> Data:
· · · · · · ·

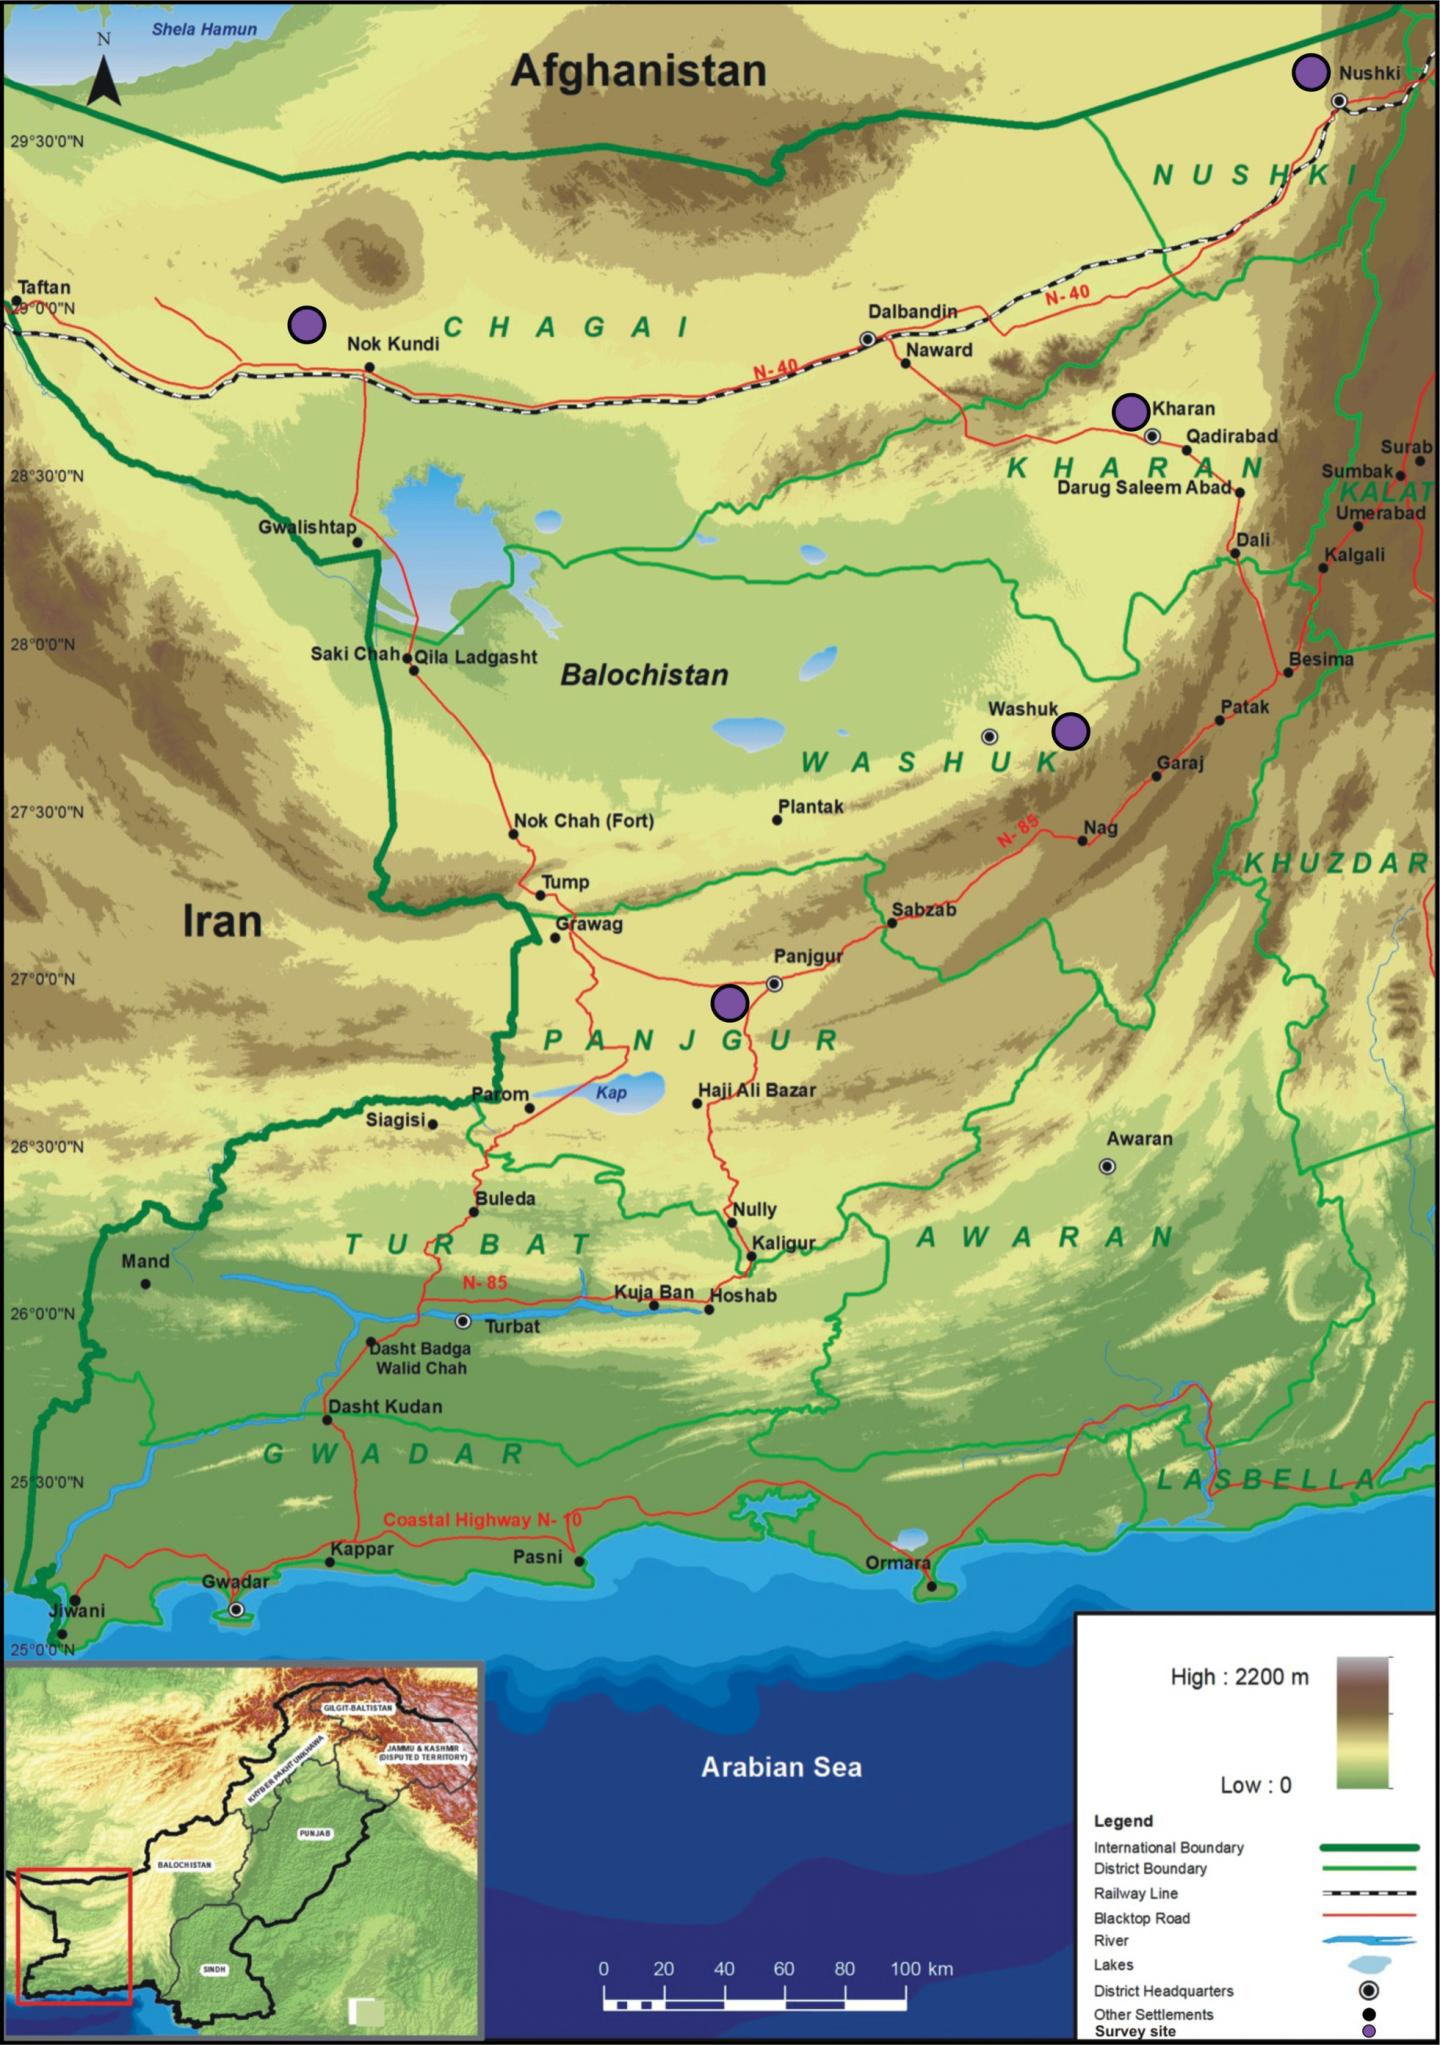 A Topographic Map of Southwestern Balochistan Showing Visit Sites in Chagai, Nushki, Panjgur, Kharan
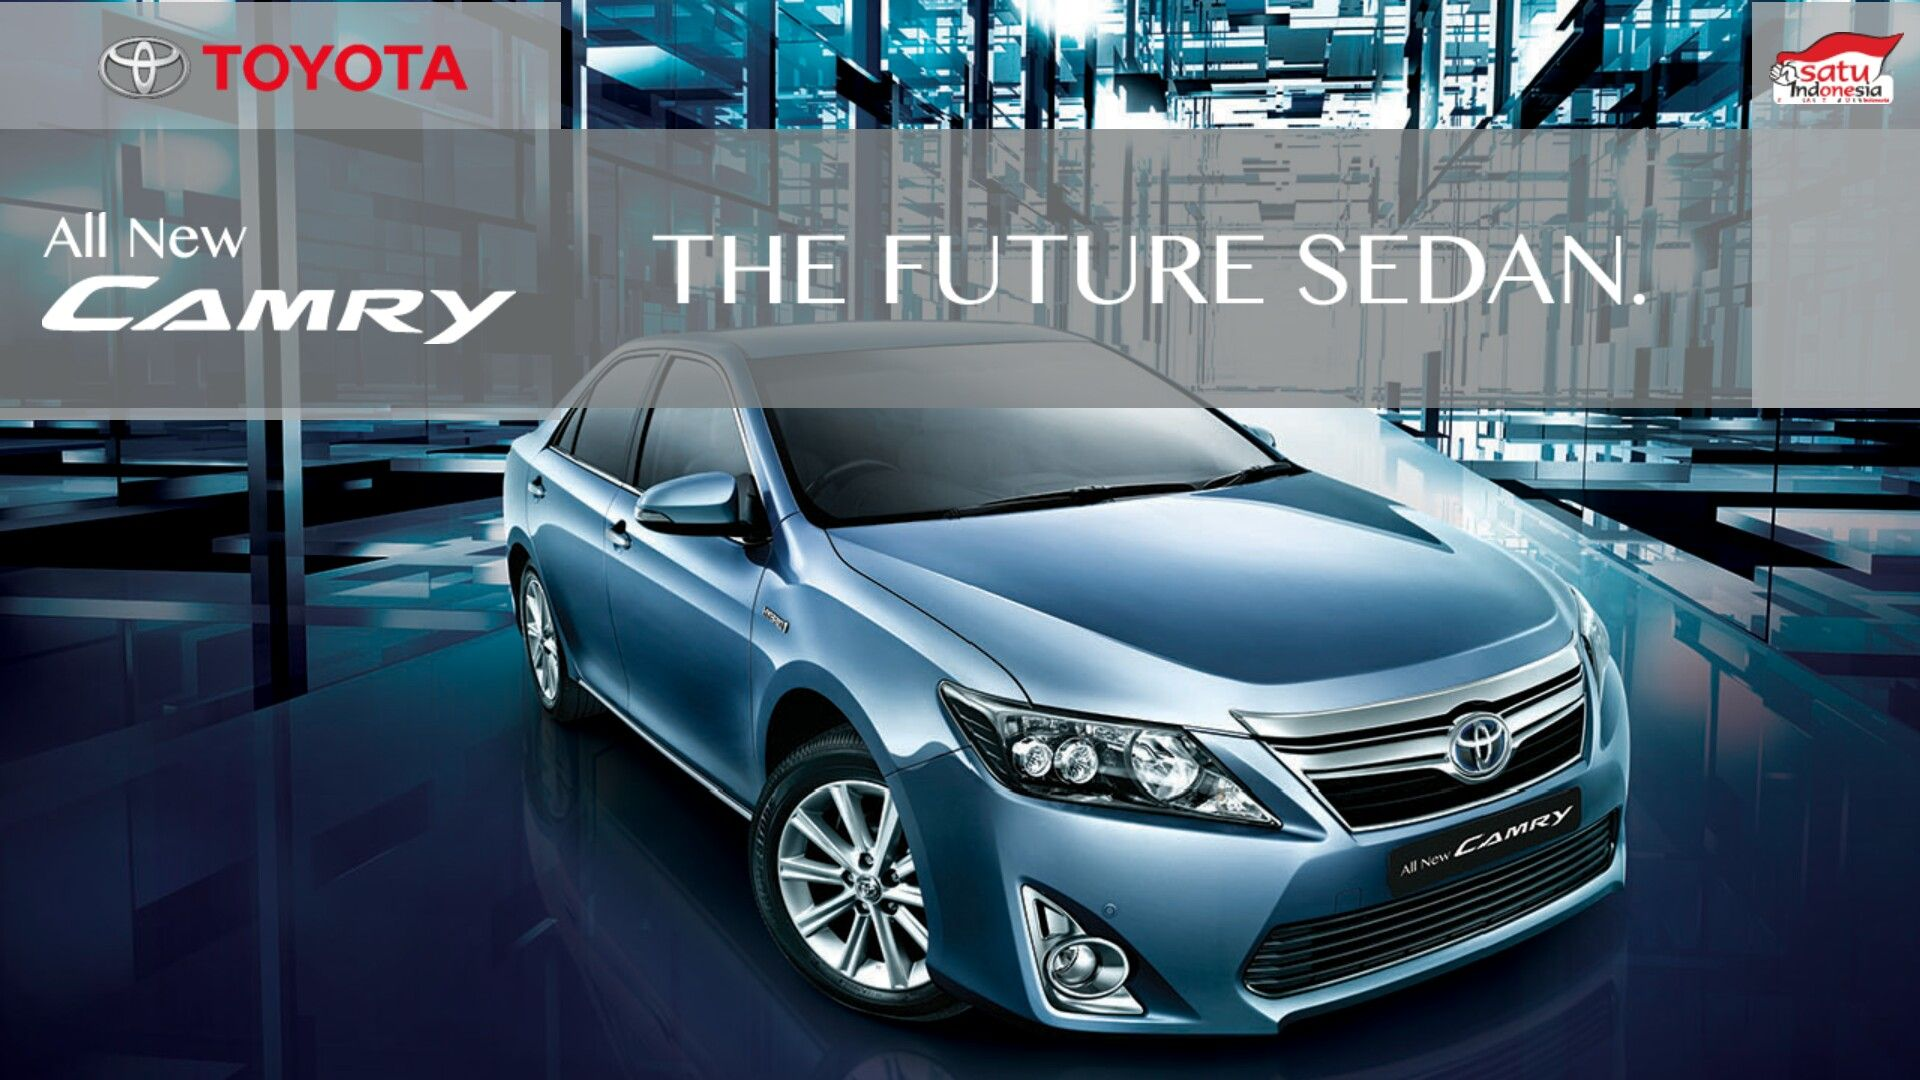 New Toyota Camry Harga Cash Mulai Dari Rp 595 000 000 Cicilan Kredit Rp 8 352 000 Bulan Toyota Camry Toyota Mobil Baru
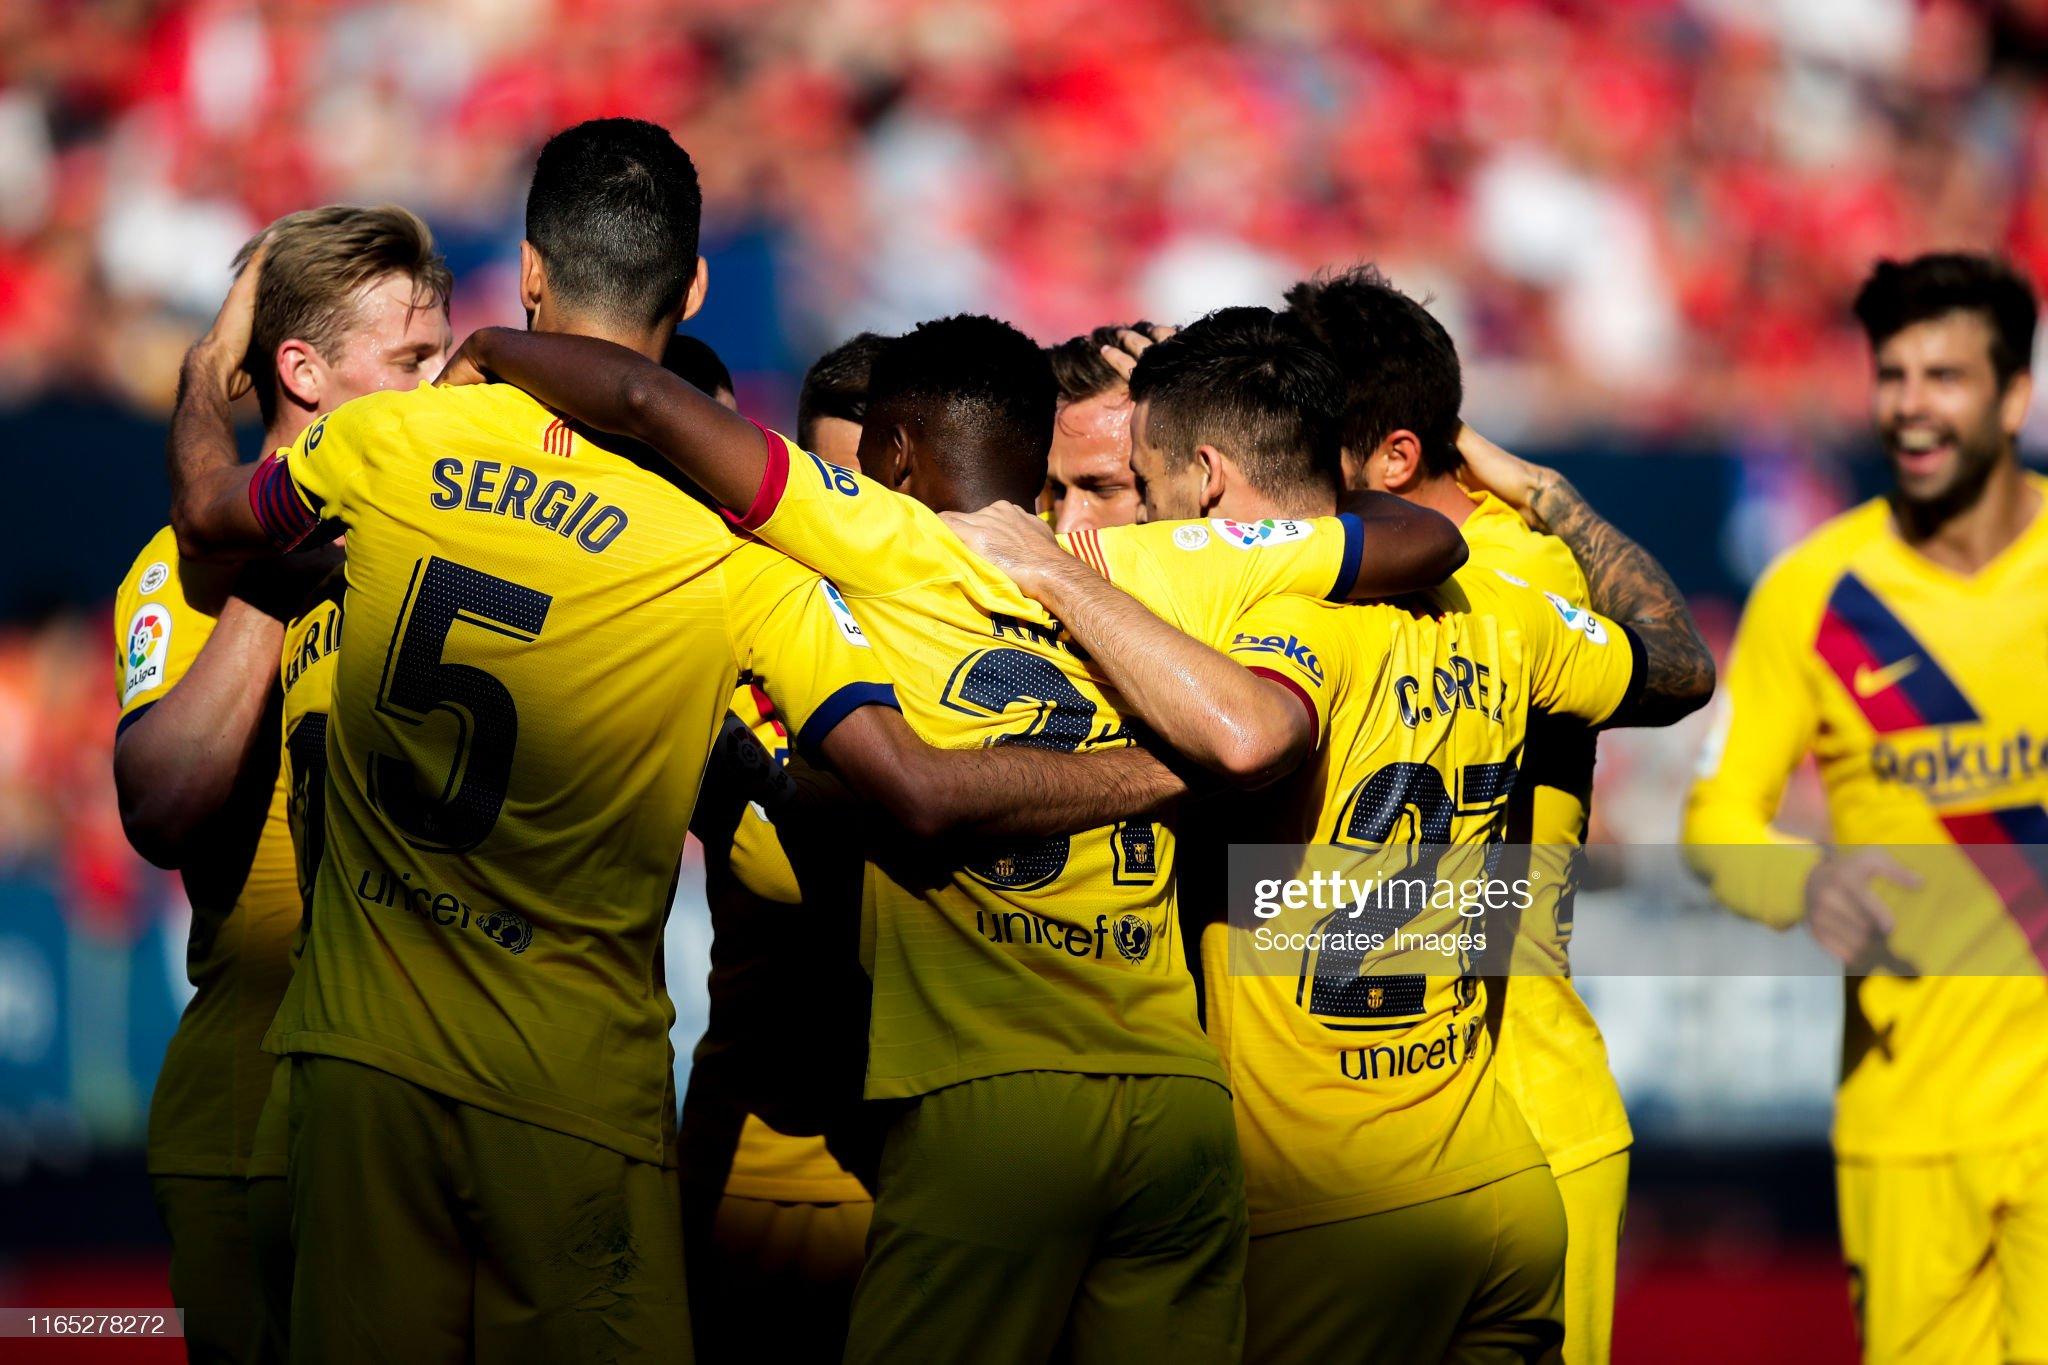 صور مباراة : أوساسونا - برشلونة 2-2 ( 31-08-2019 )  Ansu-fati-of-fc-barcelona-sergio-busquets-of-fc-barcelona-jordi-alba-picture-id1165278272?s=2048x2048

· · · · · · ·

> What to do:
Retype each line above exactly. Leave the images out.

> Task output:
 A Topographic Map of Southwestern Balochistan Showing Visit Sites in Chagai, Nushki, Panjgur, Kharan
 New Toyota Camry Harga Cash Mulai Dari Rp 595 000 000 Cicilan Kredit Rp 8 352 000 Bulan Toyota Camry Toyota Mobil Baru
 صور مباراة : أوساسونا - برشلونة 2-2 ( 31-08-2019 )  Ansu-fati-of-fc-barcelona-sergio-busquets-of-fc-barcelona-jordi-alba-picture-id1165278272?s=2048x2048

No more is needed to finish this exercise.